The Alpha Center, proposed for a university-owned parcel at 13th and Diamond streets, is in the design process and is pending City Council approval. The building would centralize resources offered by the College of Education in one easily accessible, community-centered location. The center would include an early learning center and offer behavioral health services, programs for people with disabilities, education and workforce development resources. The center would also include a community dental clinic staffed by faculty from the Kornberg School of Dentistry. Pending city approval, the estimated completion date is spring 2020.
Mezzanine enhancement, Gladfelter and Anderson halls
The re-roofing of the mezzanine level to fix water leakage will continue into the fall. From there, ambitious plans call to bring more activity back to this underused plaza, including new pavers and expanded green space, as well as different ways to access the area. Under design is a new entrance and lobby to Anderson Hall. This project is expected to continue to fall 2021.
Temple University Rome, housed in the historic Villa Caproni building, recently received a facelift to increase classroom space, enhance technology, and provide more and innovative flexible teaching and public spaces, including a new aula magna (meeting room) for conferences and all-school gatherings. Designs are advancing to renovate the campus library and other public spaces.
Construction has started on a new building for Temple’s Japan Campus in Tokyo—the oldest and largest foreign university in Japan—which is relocating to the campus of academic partner Showa Women’s University. Currently housed in three commercial buildings in Minami-Azabu, Temple Japan will become the sole occupant of a six-story building at Showa, a traditional university campus in Tokyo’s Setagaya City. The building is expected to open in late 2019 or early 2020.
The approximately 200-space Bell Garage is being refurbished, including making it accessible with an elevator and improving the garage’s entrance, exit and lighting. The facility’s concrete will be recoated, and metal panels will be applied to the exterior to give it more of an identity. Plans call for it to reopen in spring 2019.
But wait, there’s more
Undergraduate Admissions in Conwell Hall previously had its front lobby renovated, but this summer the department’s office space was redone with new offices, cubicles, furniture, lighting, ceiling and flooring. Peabody Hall, which was previously demolished, is a pocket park temporarily until final decisions are made on what schools or colleges will occupy that space.
A computer store that will sell Apple products is under construction on the first floor of Pearson and McGonigle halls. Once Paley Library is largely cleared, it will become the new home of the College of Public Health. The College of Liberal Arts and College of Science and Technology advising offices will remain on the first floor and will be joined by a campus bookstore. Construction is expected to begin in late 2019.

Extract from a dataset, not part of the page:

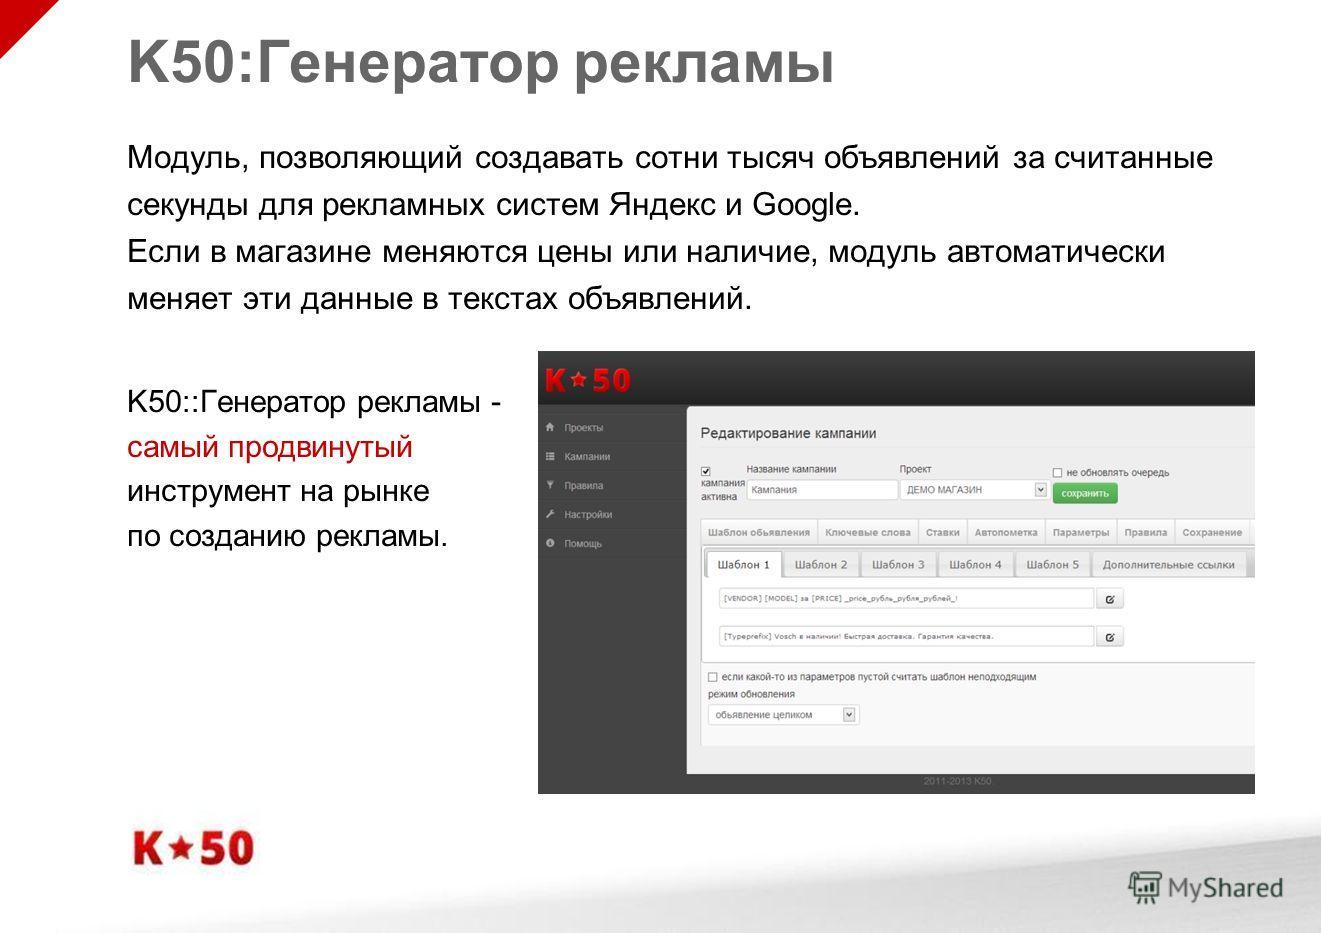 K50:Генератор рекламы Модуль, позволяющий создавать сотни тысяч объявлений за считанные секунды для рекламных систем Яндекс и Google. Если в магазине меняются цены или наличие, модуль автоматически меняет эти данные в текстах объявлений. K50::Генерат

A steam-line vault is being replaced on the northern end of Beasley Walk by Polett Walk. After that, the sidewalk and asphalt will be replaced in the area behind Mitten Hall. The southern end of Beasley Walk, behind 1810 Liacouras Walk, will remain closed as construction on that building continues. Several facade upgrades, as part of an ongoing restoration effort, have been completed, including on Annenberg Hall and Tomlinson Theater, the College Engineering, the Beasley School of Law’s Klein Hall and 1700 N. Broad St. The roof on 1300 Residence Hall was replaced this summer.